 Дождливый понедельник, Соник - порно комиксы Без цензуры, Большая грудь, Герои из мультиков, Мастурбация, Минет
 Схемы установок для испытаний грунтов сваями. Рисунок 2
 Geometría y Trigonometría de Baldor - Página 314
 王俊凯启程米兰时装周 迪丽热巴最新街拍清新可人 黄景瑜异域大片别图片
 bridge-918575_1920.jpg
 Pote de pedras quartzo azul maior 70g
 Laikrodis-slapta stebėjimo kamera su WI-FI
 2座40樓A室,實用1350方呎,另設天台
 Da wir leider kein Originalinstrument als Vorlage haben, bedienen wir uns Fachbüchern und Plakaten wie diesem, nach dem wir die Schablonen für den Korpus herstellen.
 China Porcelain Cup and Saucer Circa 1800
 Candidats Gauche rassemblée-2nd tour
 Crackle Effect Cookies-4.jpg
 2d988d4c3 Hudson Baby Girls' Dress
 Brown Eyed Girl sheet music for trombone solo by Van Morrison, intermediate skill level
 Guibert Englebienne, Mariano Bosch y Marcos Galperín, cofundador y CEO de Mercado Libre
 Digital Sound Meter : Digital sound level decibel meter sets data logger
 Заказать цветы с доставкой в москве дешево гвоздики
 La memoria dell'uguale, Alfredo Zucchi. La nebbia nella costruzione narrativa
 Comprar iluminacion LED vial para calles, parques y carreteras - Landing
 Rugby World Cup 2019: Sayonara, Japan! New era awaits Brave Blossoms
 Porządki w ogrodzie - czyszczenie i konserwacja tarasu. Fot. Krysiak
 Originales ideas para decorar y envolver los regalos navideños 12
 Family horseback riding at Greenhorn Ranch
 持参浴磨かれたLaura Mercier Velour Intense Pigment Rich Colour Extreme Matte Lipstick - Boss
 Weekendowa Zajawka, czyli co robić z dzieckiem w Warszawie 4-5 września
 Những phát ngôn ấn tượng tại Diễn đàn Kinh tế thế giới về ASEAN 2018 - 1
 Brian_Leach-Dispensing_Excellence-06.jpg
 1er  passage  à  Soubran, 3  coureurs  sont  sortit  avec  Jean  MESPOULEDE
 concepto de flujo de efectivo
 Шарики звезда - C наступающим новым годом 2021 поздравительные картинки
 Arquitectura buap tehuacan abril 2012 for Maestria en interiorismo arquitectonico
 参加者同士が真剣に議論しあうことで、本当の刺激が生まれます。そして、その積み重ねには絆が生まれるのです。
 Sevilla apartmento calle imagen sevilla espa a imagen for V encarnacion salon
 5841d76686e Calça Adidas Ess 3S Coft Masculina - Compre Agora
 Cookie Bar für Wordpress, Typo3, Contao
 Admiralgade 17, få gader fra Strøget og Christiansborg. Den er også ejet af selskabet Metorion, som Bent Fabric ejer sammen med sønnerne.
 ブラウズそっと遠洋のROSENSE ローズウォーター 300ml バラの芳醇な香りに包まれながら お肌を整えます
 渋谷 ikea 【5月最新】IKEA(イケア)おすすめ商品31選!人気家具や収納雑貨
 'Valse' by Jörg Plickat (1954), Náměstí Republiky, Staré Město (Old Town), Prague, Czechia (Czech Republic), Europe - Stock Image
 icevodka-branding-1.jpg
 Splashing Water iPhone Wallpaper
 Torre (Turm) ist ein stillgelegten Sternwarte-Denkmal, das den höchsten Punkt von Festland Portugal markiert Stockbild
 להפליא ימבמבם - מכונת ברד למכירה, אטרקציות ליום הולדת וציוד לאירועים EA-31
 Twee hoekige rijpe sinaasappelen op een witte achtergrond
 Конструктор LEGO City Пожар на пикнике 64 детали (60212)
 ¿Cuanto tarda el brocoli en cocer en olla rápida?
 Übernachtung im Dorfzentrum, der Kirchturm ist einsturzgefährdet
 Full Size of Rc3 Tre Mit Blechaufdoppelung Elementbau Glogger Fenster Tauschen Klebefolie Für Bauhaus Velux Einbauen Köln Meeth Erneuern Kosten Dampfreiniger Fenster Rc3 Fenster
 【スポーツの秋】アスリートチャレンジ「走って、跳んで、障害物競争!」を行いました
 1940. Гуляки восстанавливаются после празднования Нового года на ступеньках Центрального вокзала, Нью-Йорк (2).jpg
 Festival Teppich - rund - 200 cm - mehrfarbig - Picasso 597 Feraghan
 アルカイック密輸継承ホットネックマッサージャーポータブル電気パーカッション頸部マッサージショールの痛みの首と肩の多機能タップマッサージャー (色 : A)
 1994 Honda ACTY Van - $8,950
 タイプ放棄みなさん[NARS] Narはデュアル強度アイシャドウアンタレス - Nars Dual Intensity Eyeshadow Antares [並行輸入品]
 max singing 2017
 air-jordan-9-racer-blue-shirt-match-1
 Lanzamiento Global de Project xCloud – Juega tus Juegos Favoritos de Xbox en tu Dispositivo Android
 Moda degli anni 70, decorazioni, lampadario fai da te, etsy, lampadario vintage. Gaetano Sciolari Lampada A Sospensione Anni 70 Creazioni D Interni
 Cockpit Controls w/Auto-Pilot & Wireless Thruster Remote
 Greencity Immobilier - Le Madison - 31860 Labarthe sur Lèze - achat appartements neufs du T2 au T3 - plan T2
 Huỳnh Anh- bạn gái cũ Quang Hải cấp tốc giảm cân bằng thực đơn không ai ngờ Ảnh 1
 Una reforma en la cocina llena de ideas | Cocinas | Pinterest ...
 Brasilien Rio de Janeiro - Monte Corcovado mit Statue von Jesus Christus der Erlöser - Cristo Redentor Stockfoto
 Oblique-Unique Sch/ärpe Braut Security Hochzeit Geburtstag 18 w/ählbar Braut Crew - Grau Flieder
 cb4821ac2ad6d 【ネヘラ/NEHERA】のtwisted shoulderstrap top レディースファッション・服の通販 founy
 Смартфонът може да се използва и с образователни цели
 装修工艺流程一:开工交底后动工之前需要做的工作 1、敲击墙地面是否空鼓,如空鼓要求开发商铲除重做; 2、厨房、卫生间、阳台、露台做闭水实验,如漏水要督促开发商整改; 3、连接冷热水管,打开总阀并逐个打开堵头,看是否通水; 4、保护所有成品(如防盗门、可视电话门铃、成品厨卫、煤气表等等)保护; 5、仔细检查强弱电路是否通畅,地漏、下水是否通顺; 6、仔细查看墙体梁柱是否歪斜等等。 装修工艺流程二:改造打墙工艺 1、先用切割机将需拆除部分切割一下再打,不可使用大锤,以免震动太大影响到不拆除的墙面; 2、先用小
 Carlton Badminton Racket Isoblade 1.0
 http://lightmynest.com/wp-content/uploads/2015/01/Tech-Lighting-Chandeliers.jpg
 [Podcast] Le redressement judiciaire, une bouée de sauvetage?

......

WHAT THE TASK ASKS.
In the listing above, find the line containing "cb4821ac2ad6d 【ネヘラ/NEHERA】のtwisted shoulderstrap" and the line containing "Смартфонът може да", then quote both, plus every line between them, exactly as written.

TASK RESPONSE.
 cb4821ac2ad6d 【ネヘラ/NEHERA】のtwisted shoulderstrap top レディースファッション・服の通販 founy
 Смартфонът може да се използва и с образователни цели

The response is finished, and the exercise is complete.